To do: The answer must be every line of the records below that holds the word "bianco".
:: Material for the task
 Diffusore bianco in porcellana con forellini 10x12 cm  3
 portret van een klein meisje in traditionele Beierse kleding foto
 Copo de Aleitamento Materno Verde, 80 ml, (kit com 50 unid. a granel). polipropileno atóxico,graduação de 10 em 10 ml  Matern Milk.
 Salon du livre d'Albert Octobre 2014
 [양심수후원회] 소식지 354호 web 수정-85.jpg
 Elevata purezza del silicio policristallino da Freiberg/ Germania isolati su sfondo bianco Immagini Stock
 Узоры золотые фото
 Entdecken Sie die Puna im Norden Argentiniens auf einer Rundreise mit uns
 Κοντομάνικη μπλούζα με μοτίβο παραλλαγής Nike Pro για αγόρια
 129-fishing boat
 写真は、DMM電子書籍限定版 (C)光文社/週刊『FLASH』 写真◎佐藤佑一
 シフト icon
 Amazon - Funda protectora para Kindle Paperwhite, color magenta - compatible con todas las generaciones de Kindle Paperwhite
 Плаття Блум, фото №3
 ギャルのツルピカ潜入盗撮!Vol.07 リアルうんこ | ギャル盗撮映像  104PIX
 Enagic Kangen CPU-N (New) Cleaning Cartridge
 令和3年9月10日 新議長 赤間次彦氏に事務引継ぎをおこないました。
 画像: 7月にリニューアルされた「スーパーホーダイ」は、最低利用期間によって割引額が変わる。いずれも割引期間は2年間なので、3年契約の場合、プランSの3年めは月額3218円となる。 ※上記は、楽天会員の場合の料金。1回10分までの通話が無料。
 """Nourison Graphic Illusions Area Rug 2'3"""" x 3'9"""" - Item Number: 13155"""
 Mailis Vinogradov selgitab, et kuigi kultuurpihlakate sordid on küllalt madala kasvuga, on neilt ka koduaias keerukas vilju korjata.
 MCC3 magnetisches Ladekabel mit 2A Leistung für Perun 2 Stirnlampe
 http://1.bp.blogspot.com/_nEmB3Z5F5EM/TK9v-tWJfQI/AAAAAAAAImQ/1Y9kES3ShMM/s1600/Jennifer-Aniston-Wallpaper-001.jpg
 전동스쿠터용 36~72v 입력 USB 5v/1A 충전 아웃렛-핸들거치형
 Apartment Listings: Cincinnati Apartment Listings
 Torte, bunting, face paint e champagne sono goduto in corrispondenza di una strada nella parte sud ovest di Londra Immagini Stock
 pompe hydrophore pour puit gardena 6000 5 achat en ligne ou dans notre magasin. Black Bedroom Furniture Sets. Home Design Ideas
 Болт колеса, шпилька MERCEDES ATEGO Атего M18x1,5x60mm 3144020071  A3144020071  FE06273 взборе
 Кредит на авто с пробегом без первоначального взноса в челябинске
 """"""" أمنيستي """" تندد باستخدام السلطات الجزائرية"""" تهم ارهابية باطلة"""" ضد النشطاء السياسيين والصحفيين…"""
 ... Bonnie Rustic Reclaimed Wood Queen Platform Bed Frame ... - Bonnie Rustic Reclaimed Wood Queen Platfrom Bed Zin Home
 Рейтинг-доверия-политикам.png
::::
Exercise result:
 Diffusore bianco in porcellana con forellini 10x12 cm  3
 Elevata purezza del silicio policristallino da Freiberg/ Germania isolati su sfondo bianco Immagini Stock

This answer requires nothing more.